Retrieving crowdsourced labels on HITs from MTurk


In a real-life scenario, the HITs would be on the MTurk production server and real humans would (hopefully) find my micro-payment of 10 cents per HIT adequate and do the marking up for me. I have configured my HIT to have MaxAssignments=1, which means I want only 1 worker to work on the HIT -- in reality, you want at least 3 people to work on each HIT so you can do a majority vote (or something more sophisticated) on their labels.
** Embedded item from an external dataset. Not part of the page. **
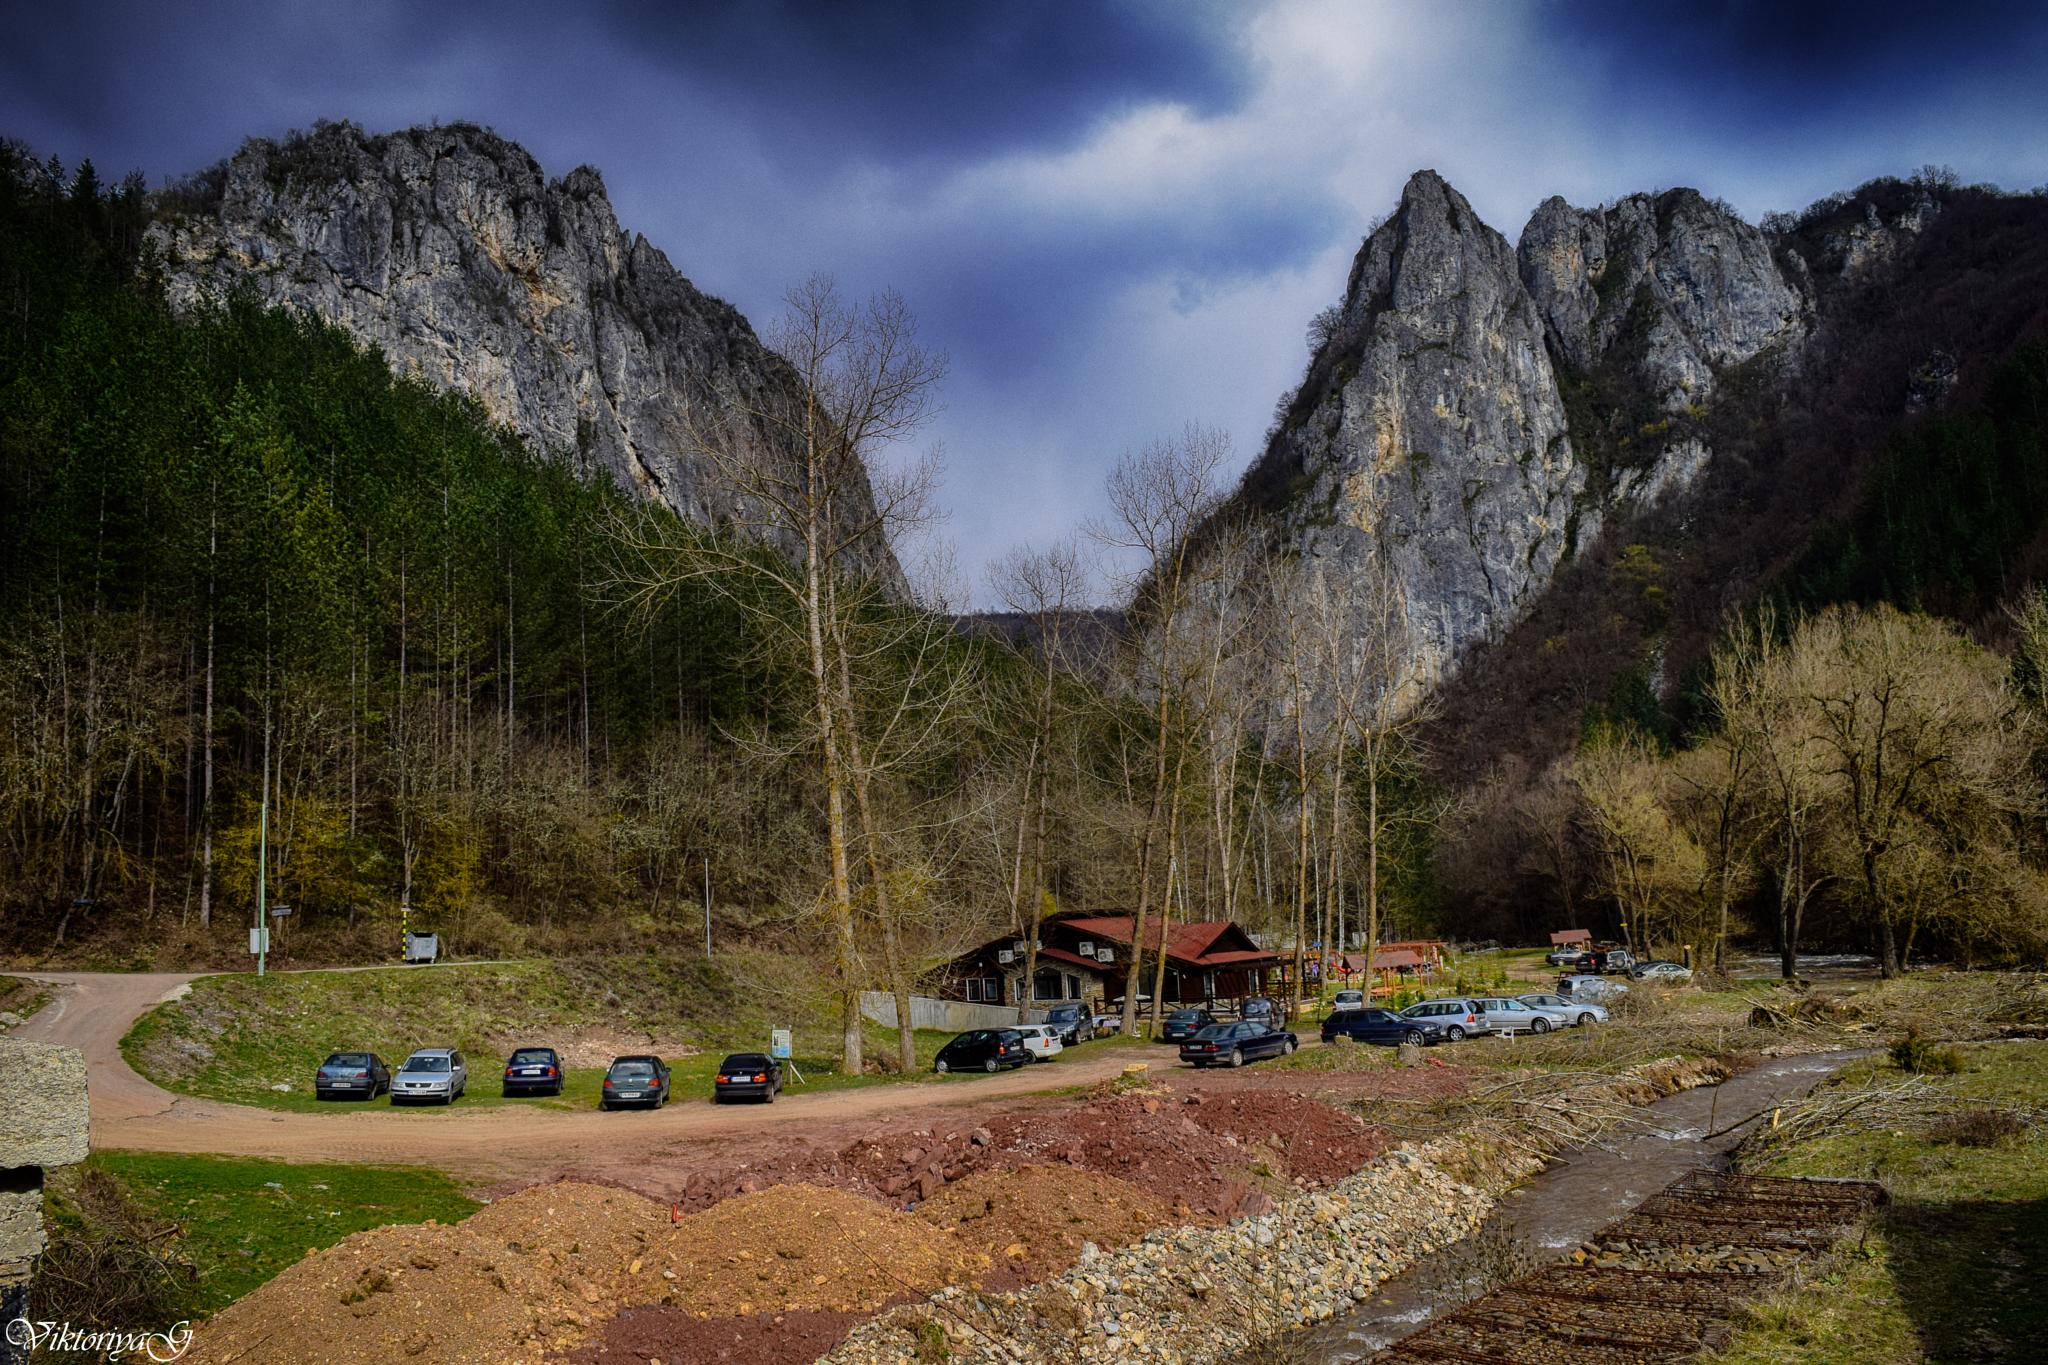 Erma River Gorge by Viktoriya Georgieva

In any case, once all your HITs have been handled by the required number of turkers, it is time to download the results.

Results for a HIT can be retrieved using the list_assignments_for_hit() method of the MTurk client -- you need the HIT Id for the HIT that was returned during HIT creation, and which we had stored away for use now. The response from the MTurk server is a JSON response, with the actual Answer value packaged as an XML payload. We use the xmltodict.parse() method to parse this payload into a Python data structure, which we then pick apart to write out the output.

1
 2
 3
 4
 5
 6
 7
 8
 9
10
11
12
13
14
15
16
17
18
19
20
21
22
23
24
25
26
27
28
29
30
31
32
33
34
35
36
37
38
39
40
41
42
43
44
45
46
47
48
49
50
51
52
53
54
55
56
57
58
59
60
61
62
63
64
import boto3
import os
import xmltodict

# constants
MTURK_SANDBOX = "https://mturk-requester-sandbox.us-east-1.amazonaws.com"
MTURK_REGION = "us-east-1"

DATA_DIR = "../data"
HIT_ID_FILE = os.path.join(DATA_DIR, "best-keywords-hitids.txt")
RESULTS_FILE = os.path.join(DATA_DIR, "best-keywords-results.txt")
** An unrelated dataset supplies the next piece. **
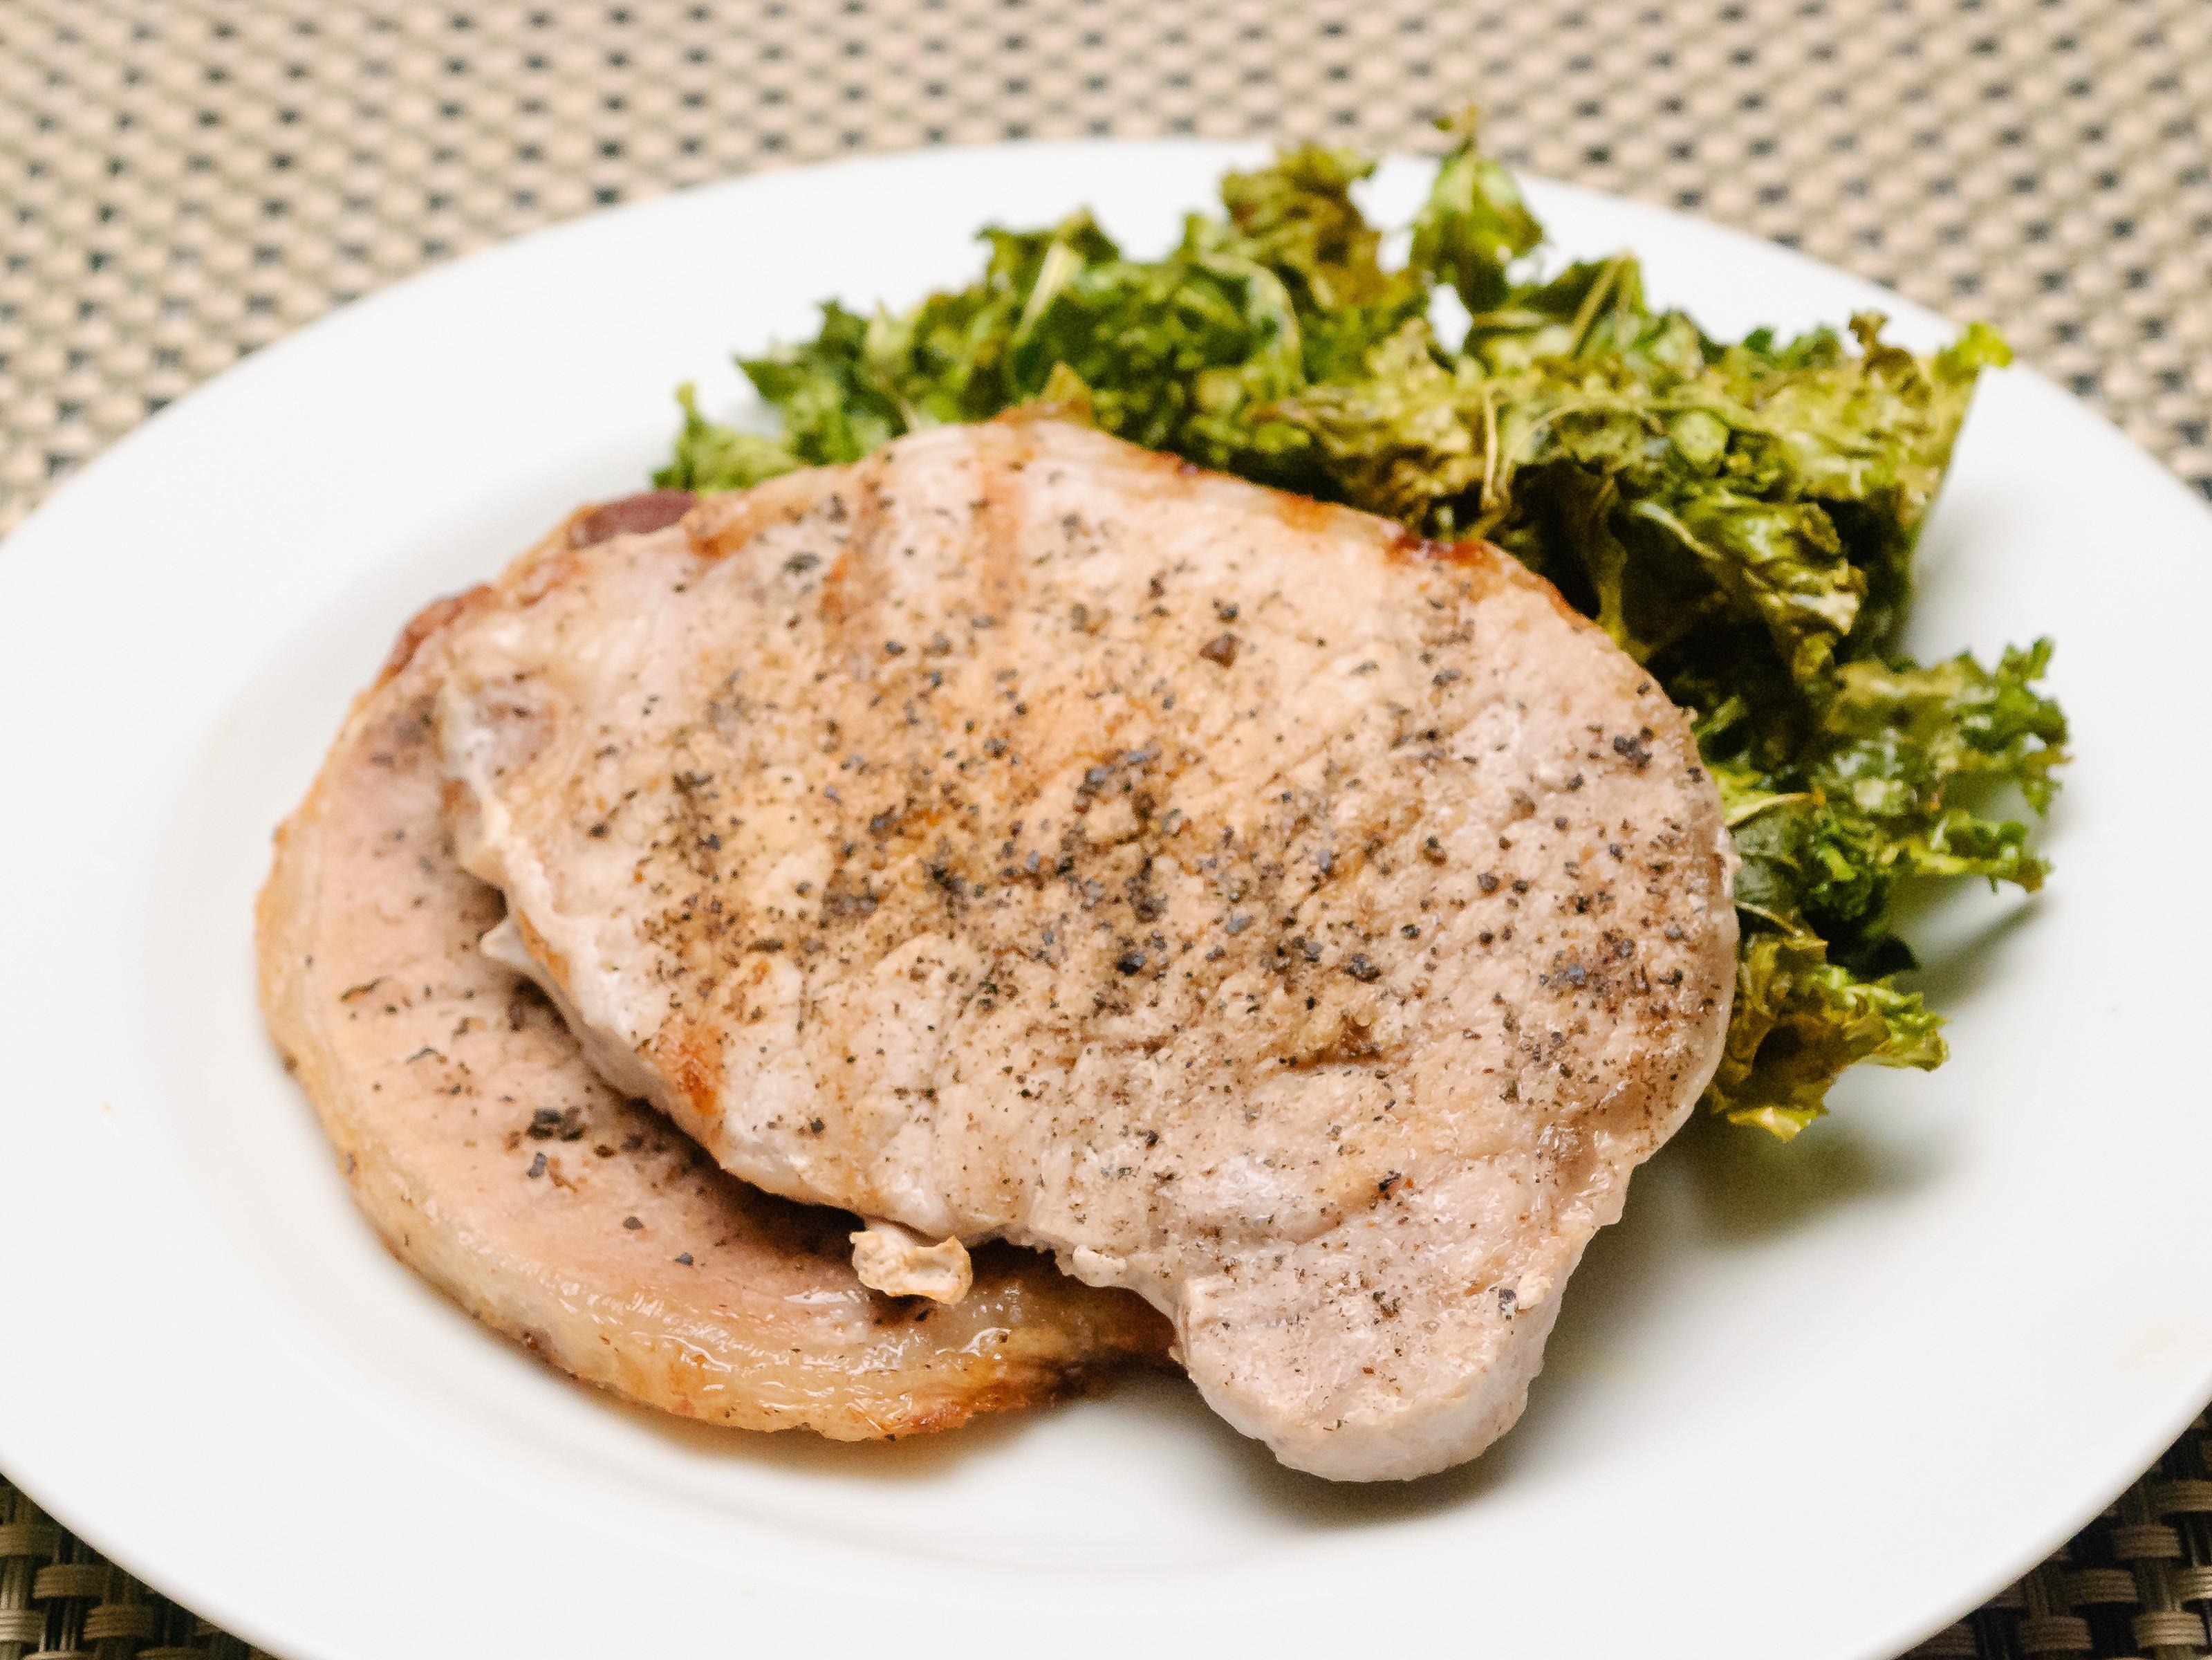 Ways To Cook Pork Loin  4 Ways to Cook Pork Loin Steaks wikiHow

# extract AWS credentials from local file
creds = []
CREDENTIALS_FILE = "/path/to/amazon-credentials.txt"
with open(CREDENTIALS_FILE, "r") as f:
    for line in f:
        if line.startswith("#"):
            continue
        _, cred = line.strip().split("=")
        creds.append(cred)

# verify access to MTurk
mturk = boto3.client('mturk',
   aws_access_key_id=creds[0],
   aws_secret_access_key=creds[1],
   region_name=MTURK_REGION,
   endpoint_url=MTURK_SANDBOX
)
print("Sandbox account pretend balance: ${:s}".format(
    mturk.get_account_balance()["AvailableBalance"]))
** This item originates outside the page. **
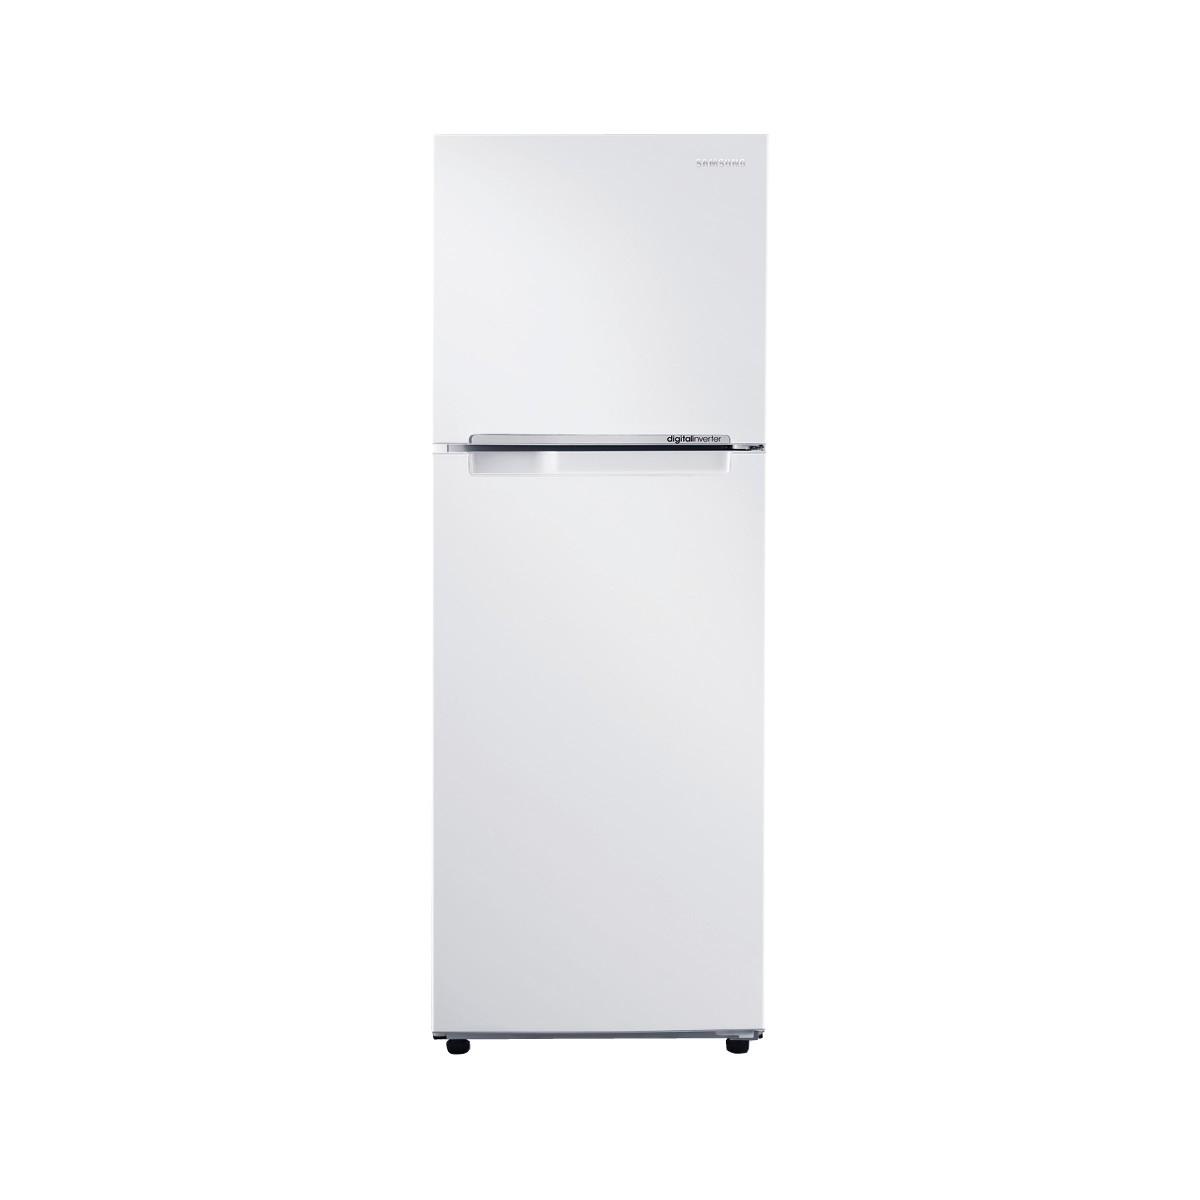 Samsung 254l Top Mount Fridge White Buy Online

# get HIT Ids stored from during HIT creation
hit_ids = []
with open(HIT_ID_FILE, "r") as f:
    for line in f:
        hit_ids.append(line.strip())

# retrieve MTurk results
fres = open(RESULTS_FILE, "w")
for hit_id in hit_ids:
    snippet_ids, keyword_ids = {}, {}
    results = mturk.list_assignments_for_hit(HITId=hit_id, 
        AssignmentStatuses=['Submitted'])
    if results["NumResults"] > 0:
        for assignment in results["Assignments"]:
            worker_id = assignment["WorkerId"]
            answer_dict = xmltodict.parse(assignment["Answer"])
            answer_dict_2 = answer_dict["QuestionFormAnswers"]["Answer"]
            for answer_pair in answer_dict_2:
                field_name = answer_pair["QuestionIdentifier"]
                field_value = answer_pair["FreeText"]
                if field_name.startswith("iid_"):
                    id = field_name.split("_")[1]
                    snippet_ids[id] = field_value
                    keyword_ids[id] = []
                else:
                    _, iid, kid = field_name.split("_")
                    keyword_ids[iid].append(kid)
    for id, iid in snippet_ids.items():
        selected_kids = ",".join(keyword_ids[id])
        fres.write("{:s}\t{:s}\t{:s}\n".format(worker_id, iid, selected_kids))

fres.close()

The output of this step is a TSV file that contains the worker ID, the snippet ID, and a comma-separated list of keyword IDs that were found to be meaningful by the turker(s). This can now be joined with the original input file to find the preferred labels.

1
 2
 3
 4
 5
 6
 7
 8
 9
10
11
A2AQYARTZTL5EE S0735109710021418-gr5 2,3
A2AQYARTZTL5EE S0894731707005962-gr1 2,4
A2AQYARTZTL5EE S1740677311000118-gr2 1,5
A2AQYARTZTL5EE S0031938414005393-gr2 1,3,4,5
A2AQYARTZTL5EE S1542356515000415-gr2 3
A2AQYARTZTL5EE S1521661616300158-gr8 2
A2AQYARTZTL5EE S0091743514001212-gr2 1,2,3
A2AQYARTZTL5EE S0735109712023662-gr2 1,2,3
A2AQYARTZTL5EE S0026049509000456-gr1 
A2AQYARTZTL5EE S0079610715000103-gr3 1,3
...

This is all I have for today. I hope you enjoyed the post and found it useful. I believe crowdsourcing will become more important as people begin to realize the benefits of weak supervision, and the MTurk API makes it quite easy to set up this kind of jobs.